_RECORDED DATA_
-- Opening Marker --

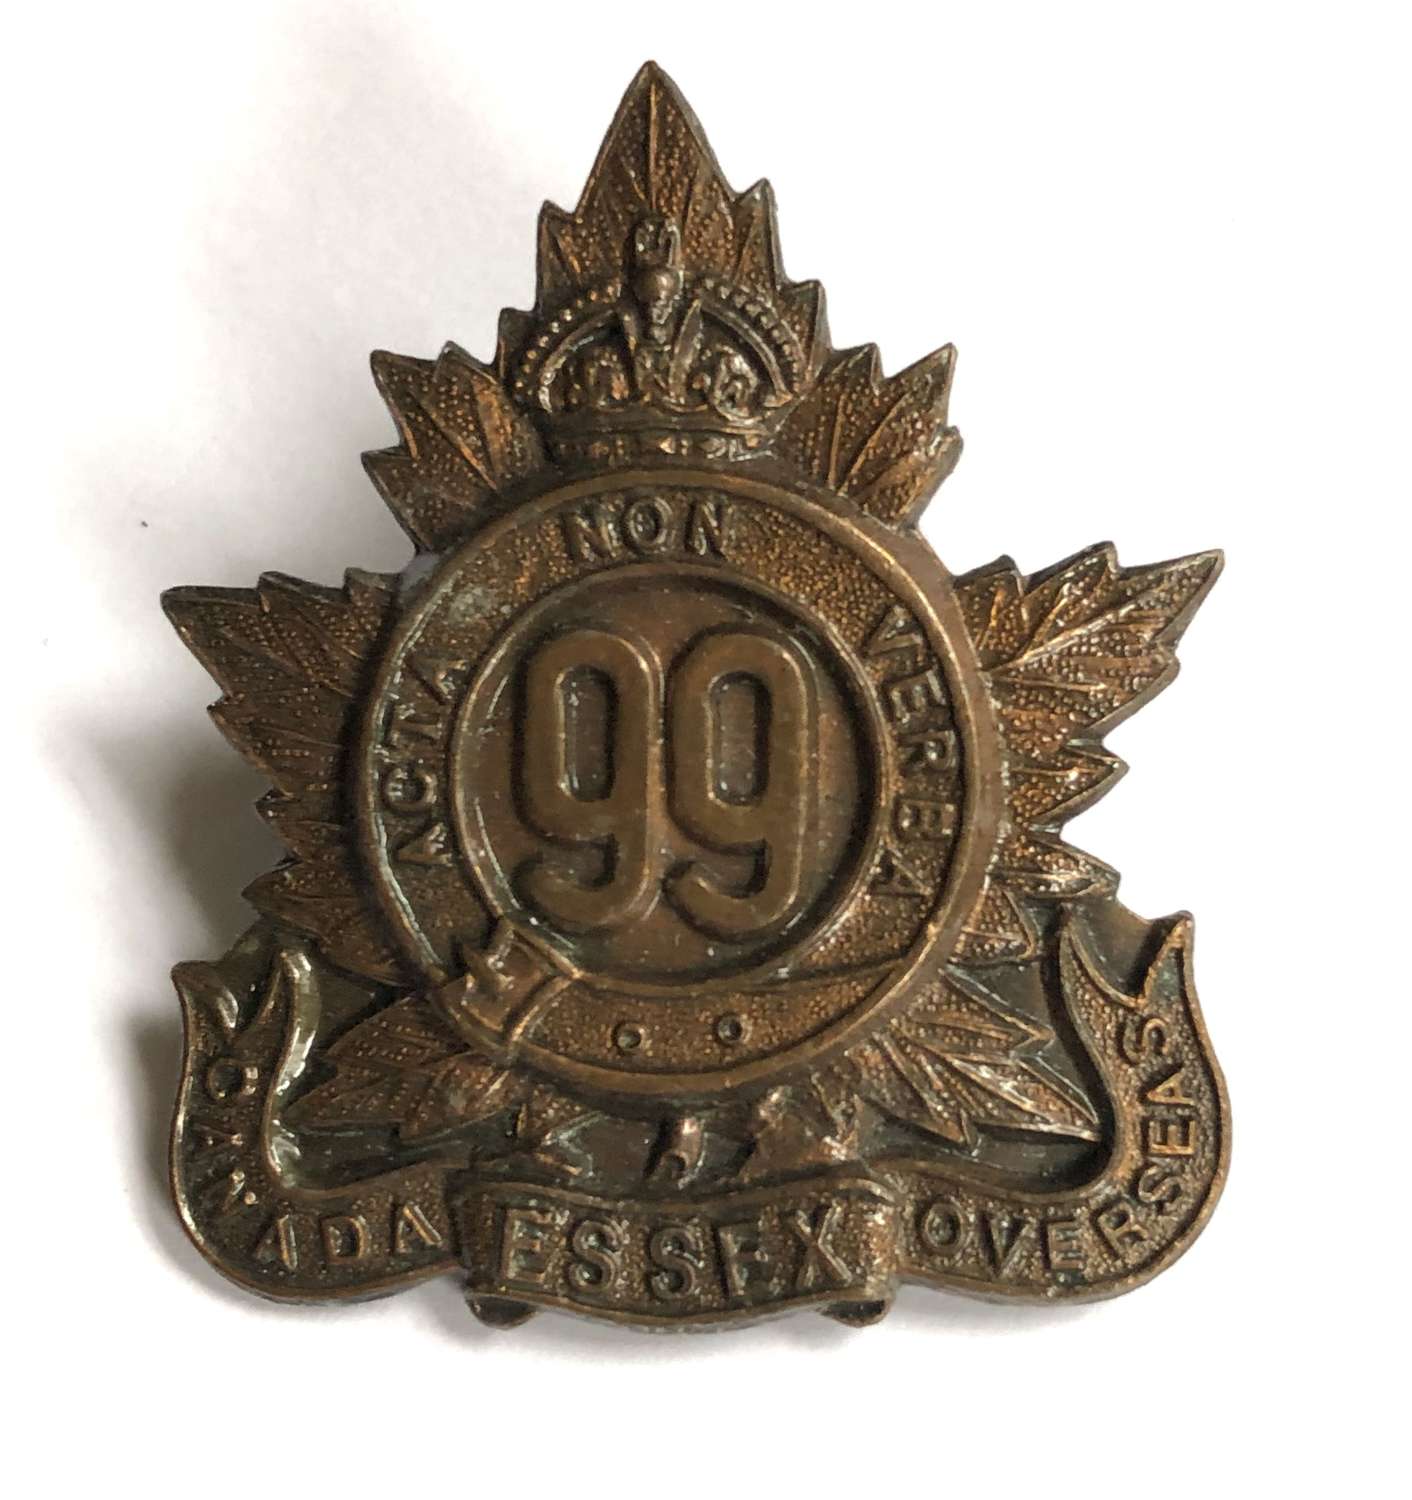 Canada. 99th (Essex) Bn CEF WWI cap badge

-- Closing Marker --
-- Opening Marker --

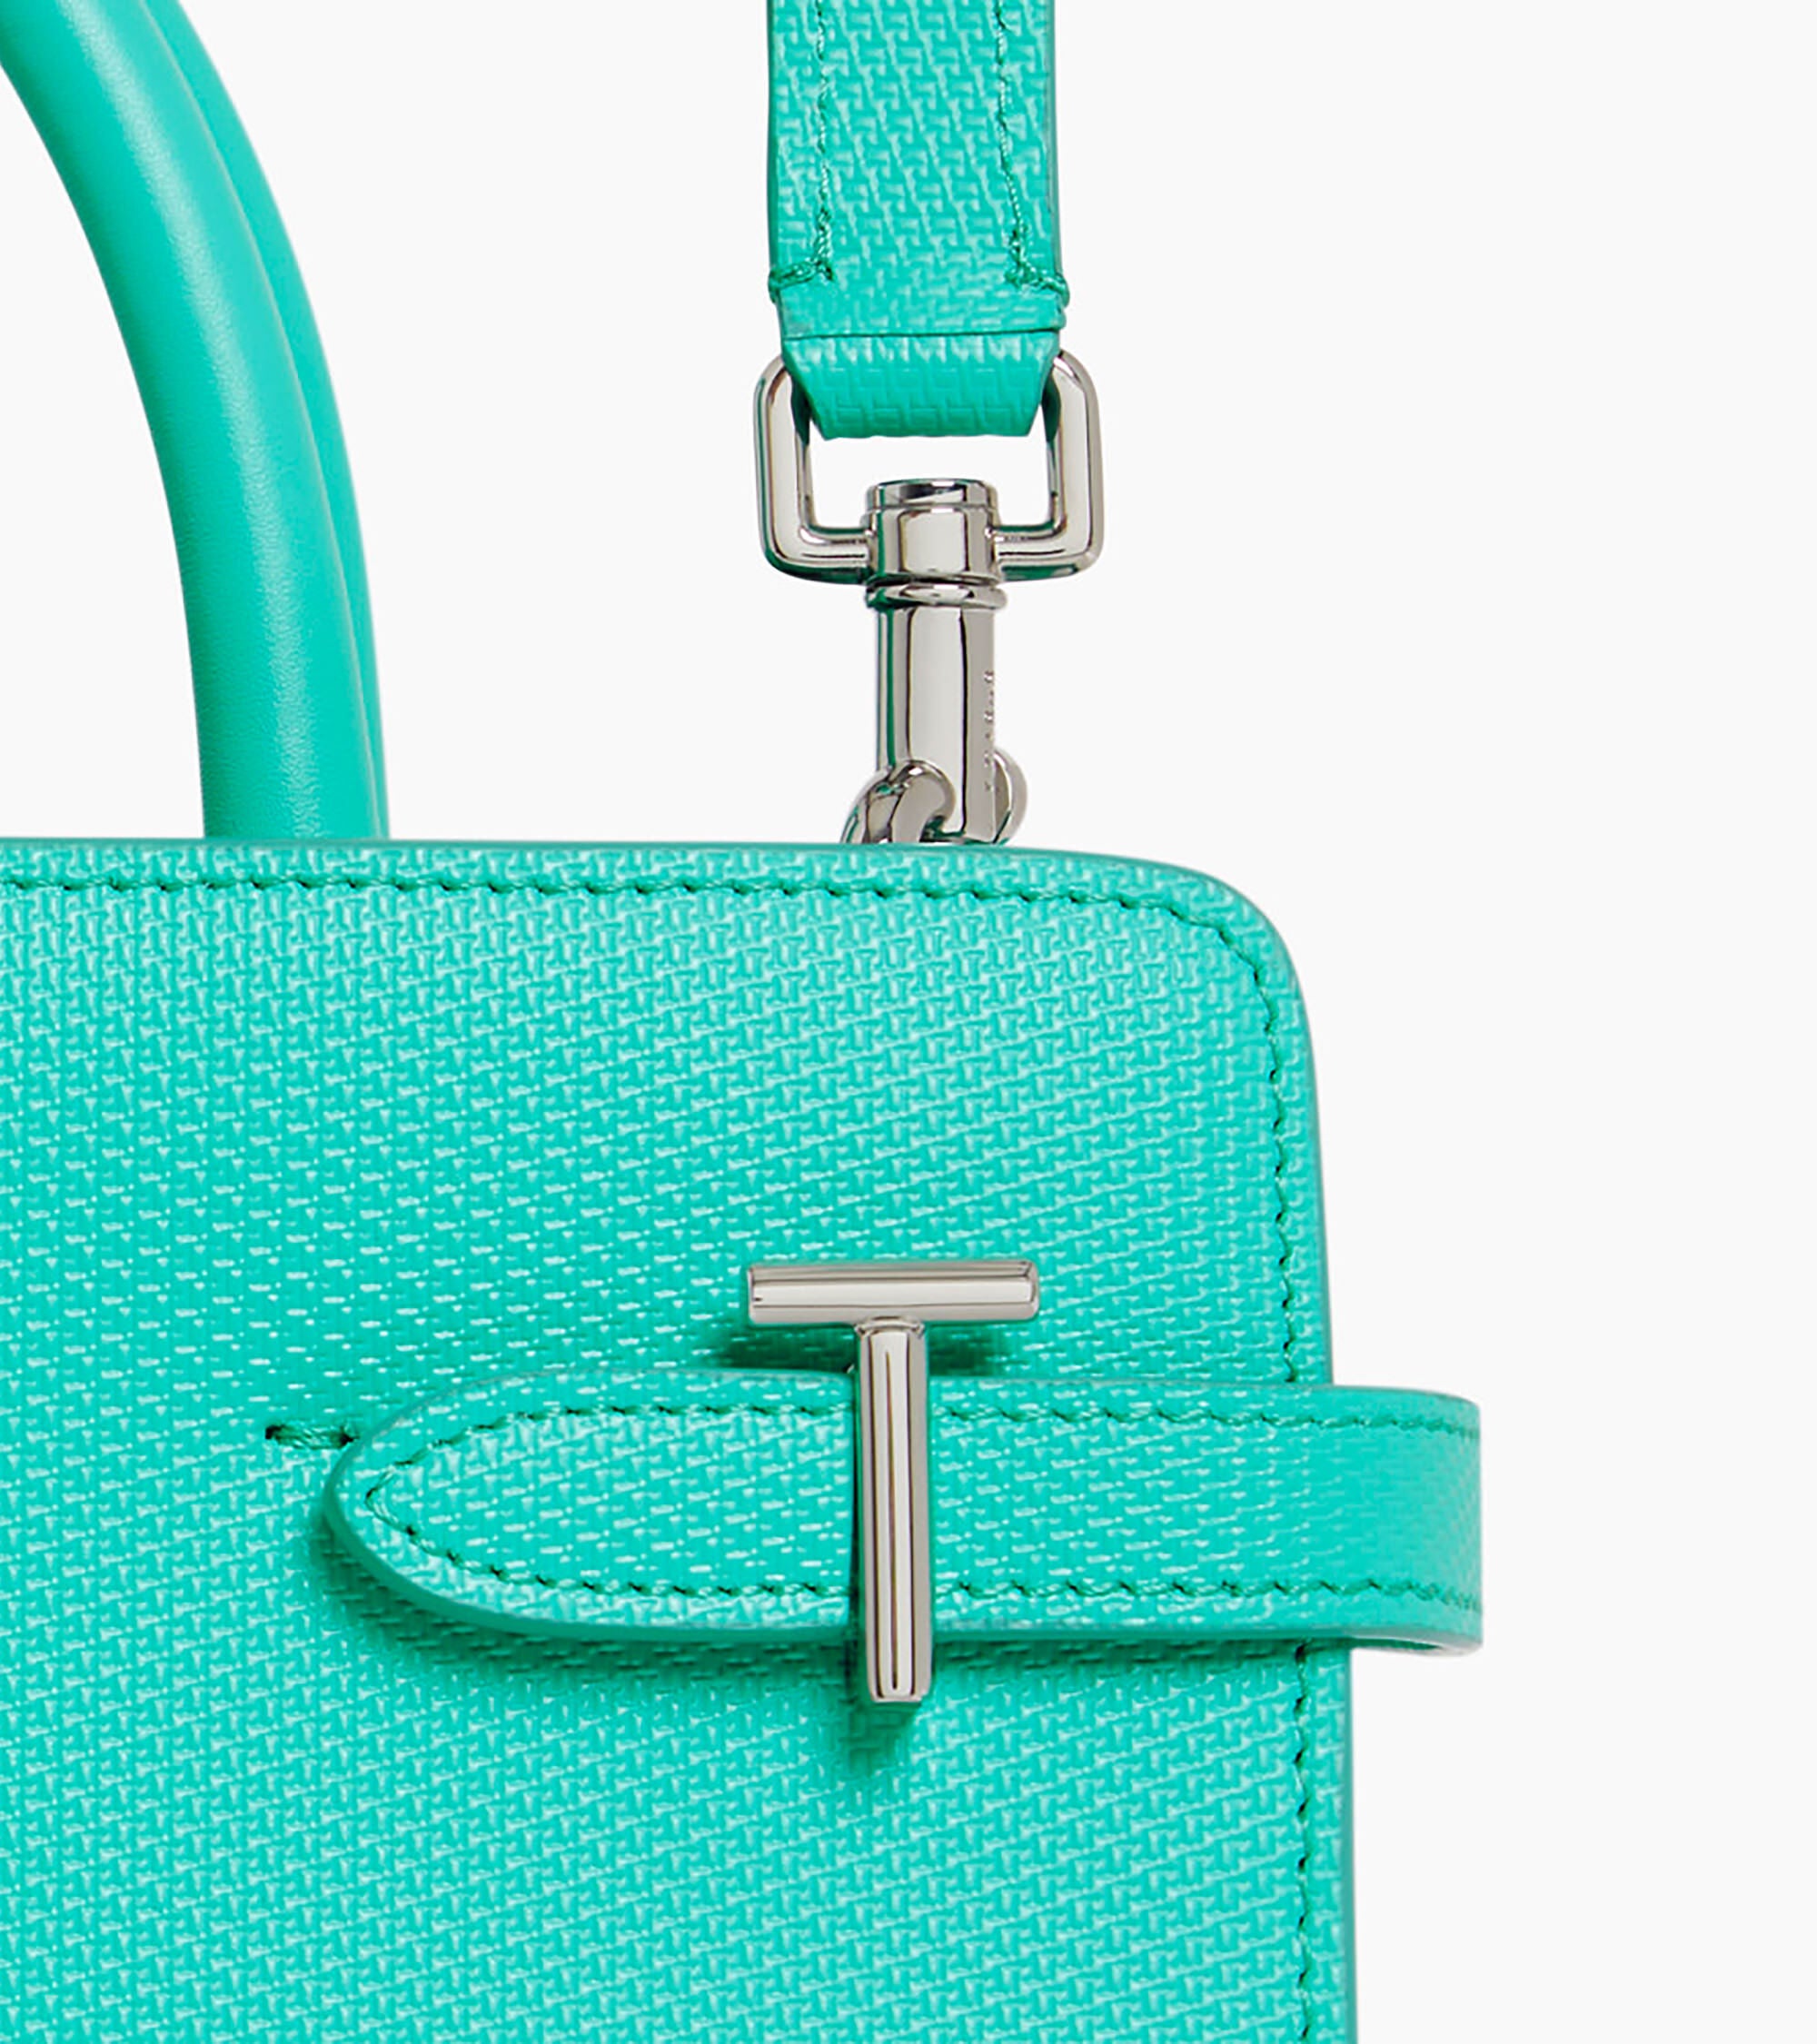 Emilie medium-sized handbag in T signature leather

-- Closing Marker --
-- Opening Marker --

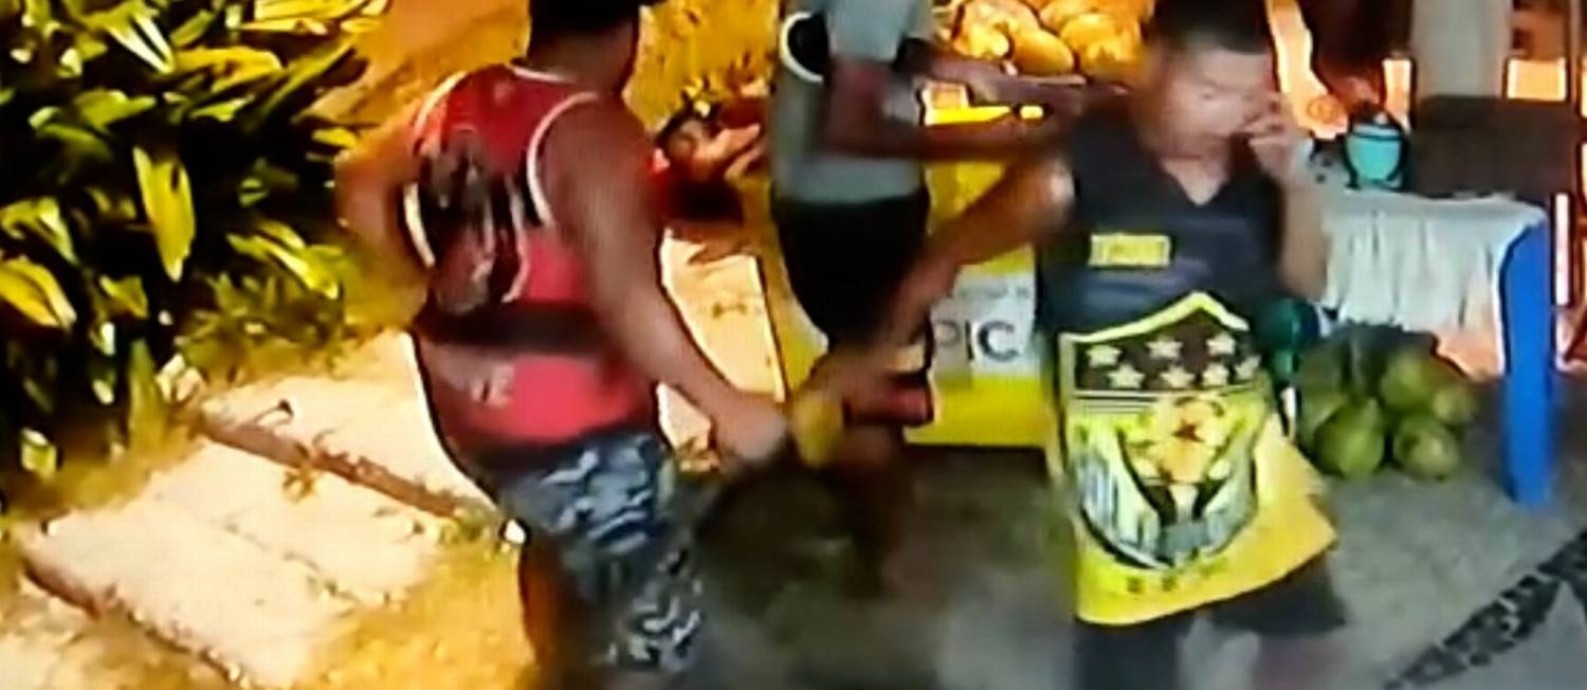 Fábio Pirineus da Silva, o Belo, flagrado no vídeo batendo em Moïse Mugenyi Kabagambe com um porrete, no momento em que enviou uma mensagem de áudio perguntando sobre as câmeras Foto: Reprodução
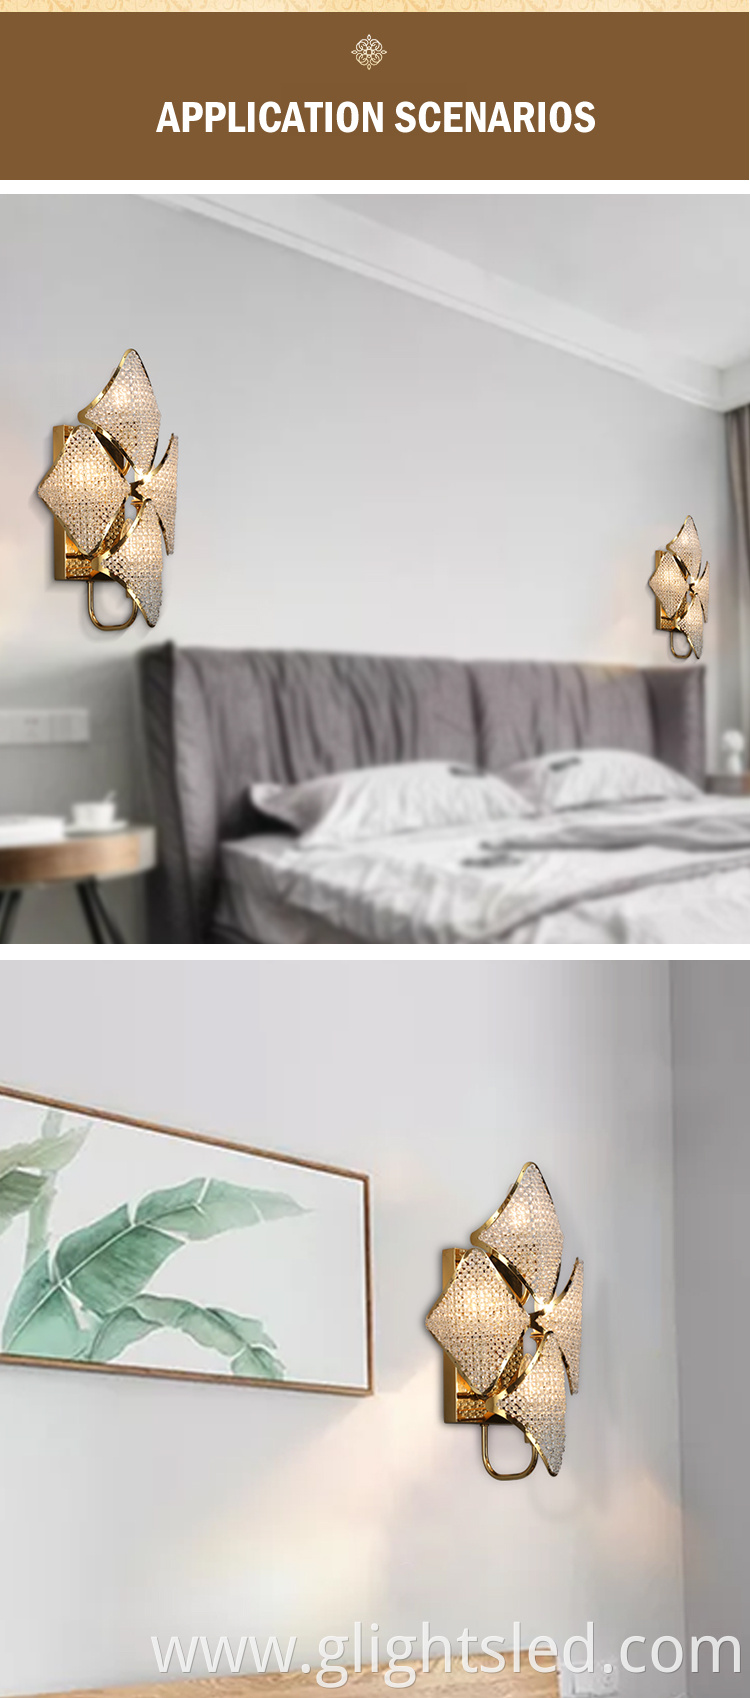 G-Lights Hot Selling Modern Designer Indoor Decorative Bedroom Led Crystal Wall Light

-- Closing Marker --

_ACTION ITEM_
The answer must be the part of the records that opens with the line containing "Fábio Pirineus da" and closes with the line containing "G-Lights Hot Selling", reproduced exactly, with no pictures.

_WRITTEN ANSWER_
 Fábio Pirineus da Silva, o Belo, flagrado no vídeo batendo em Moïse Mugenyi Kabagambe com um porrete, no momento em que enviou uma mensagem de áudio perguntando sobre as câmeras Foto: Reprodução
 G-Lights Hot Selling Modern Designer Indoor Decorative Bedroom Led Crystal Wall Light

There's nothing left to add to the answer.